La restauration rapide, elle, résiste un peu mieux. « On est moins touchés que les restaurants traditionnels, mais on voit clairement de plus en plus de pique-niques », note Marion, patronne du snack Miami, ouvert en 2007. Comme beaucoup, elle a connu un boom après le Covid, mais aujourd’hui la tendance s’inverse : « Depuis deux ans, le chiffre d’affaires recule. Avant, les gens prenaient un menu complet.

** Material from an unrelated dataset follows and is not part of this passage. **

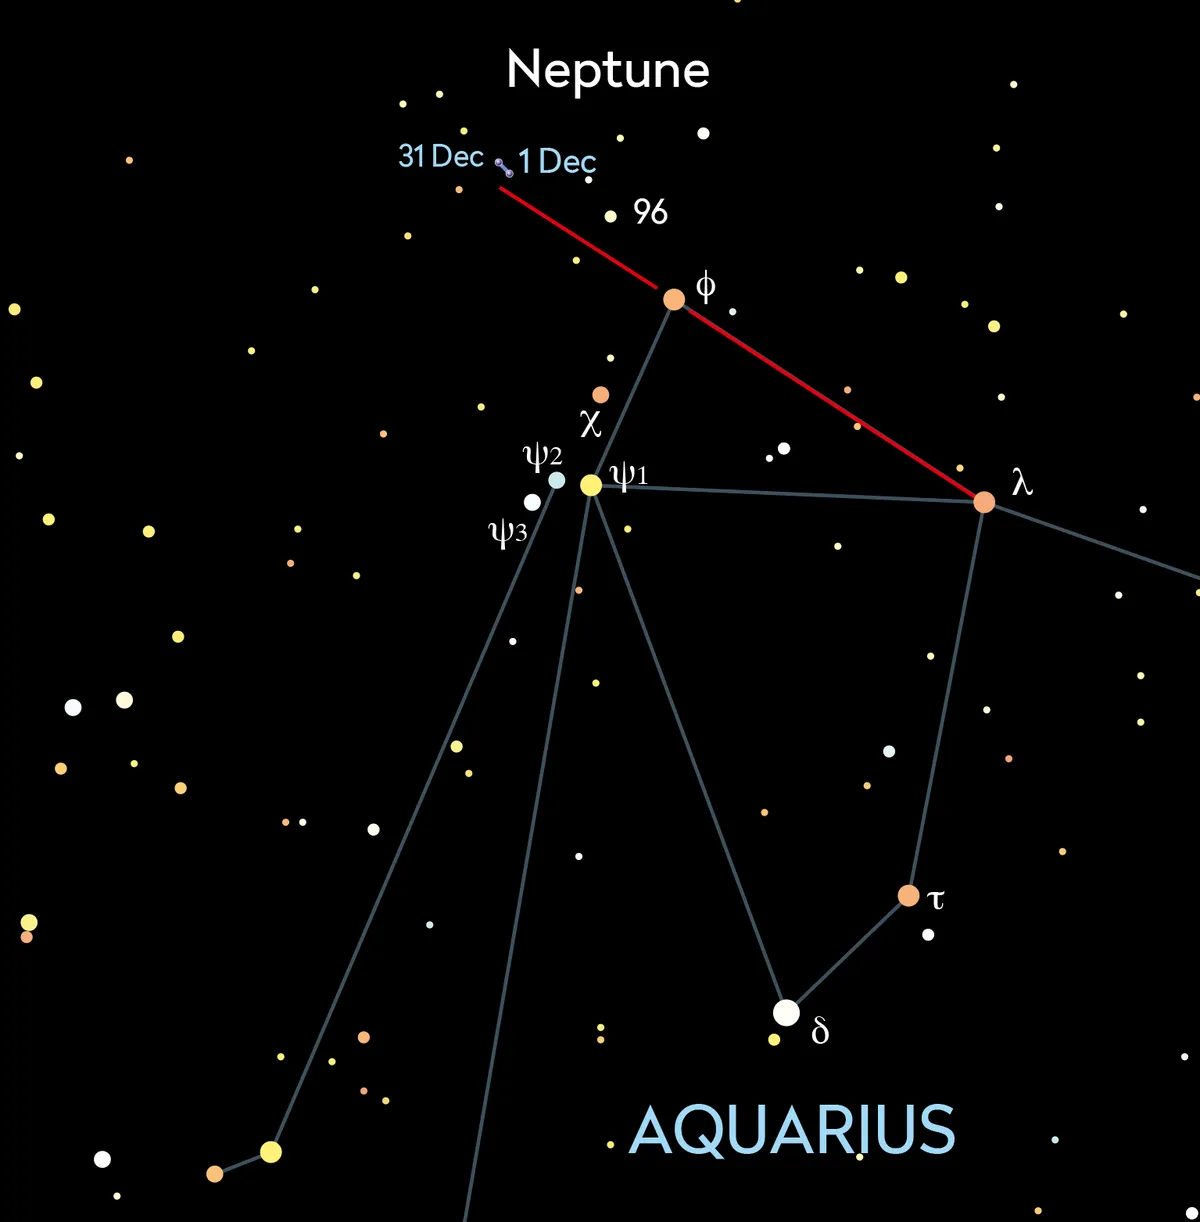 A star chart showing the position of Neptune in the night sky throughout December 2021.

Désormais, ils arrivent avec leur sac de courses et commandent juste une barquette de frites pour compléter. »

Les clients viennent avec leur sac de course commander une barquette de frites.

Les clients viennent avec leur sac de course commander une barquette de frites.

Les gagnants : les boulangeries

À Palavas-les-Flots, ce sont les boulangeries qui tirent leur épingle du jeu. Proches des plages, elles sont prises d’assaut dès le matin pour des sandwichs, pizzas ou salades à emporter. « Normalement, on prépare le casse-croûte nous-mêmes, mais là on n’a pas eu le temps, alors on prend à emporter », raconte une cliente dans la file d’attente.

Pourquoi pas le restaurant ? La réponse est simple : « Parce que ça coûte moins cher. Ici, le sandwich est à 6 euros. On fait des économies comme on peut », assume-t-elle. Les enseignes locales le confirment : « On vend énormément, surtout entre 11 h et 13 h 30 où les familles débarquent pour préparer le pique-nique. On est souvent obligés de refaire une fournée, parfois deux », explique une vendeuse de la boulangerie Galzin. À la fin de la journée, le résultat est sans appel : entre 80 et 95 sandwichs vendus par jour.

De son côté, Malek refuse l’idée de baisser l’addition : « On ne peut pas rogner les prix comme ça. Si on réduit, les clients vont s’y habituer et ce sera intenable pour nous. Le vrai problème, c’est le pouvoir d’achat. Il faudrait que les gens aient à nouveau les moyens de venir au restaurant. »

Alors pendant que les terrasses se vident, les plages se remplissent de familles armées de glacières et de sacs de courses. Non sans un petit pincement au cœur, certains l’avouent : « Si on pouvait manger tous les jours au restaurant, on le ferait, c’est bien meilleur. Mais malheureusement, le budget ne suit pas toujours », concède un groupe de jeunes assis sur le sable. En attendant, les restaurateurs voient les clients leur passer sous le nez, glacière sous le bras.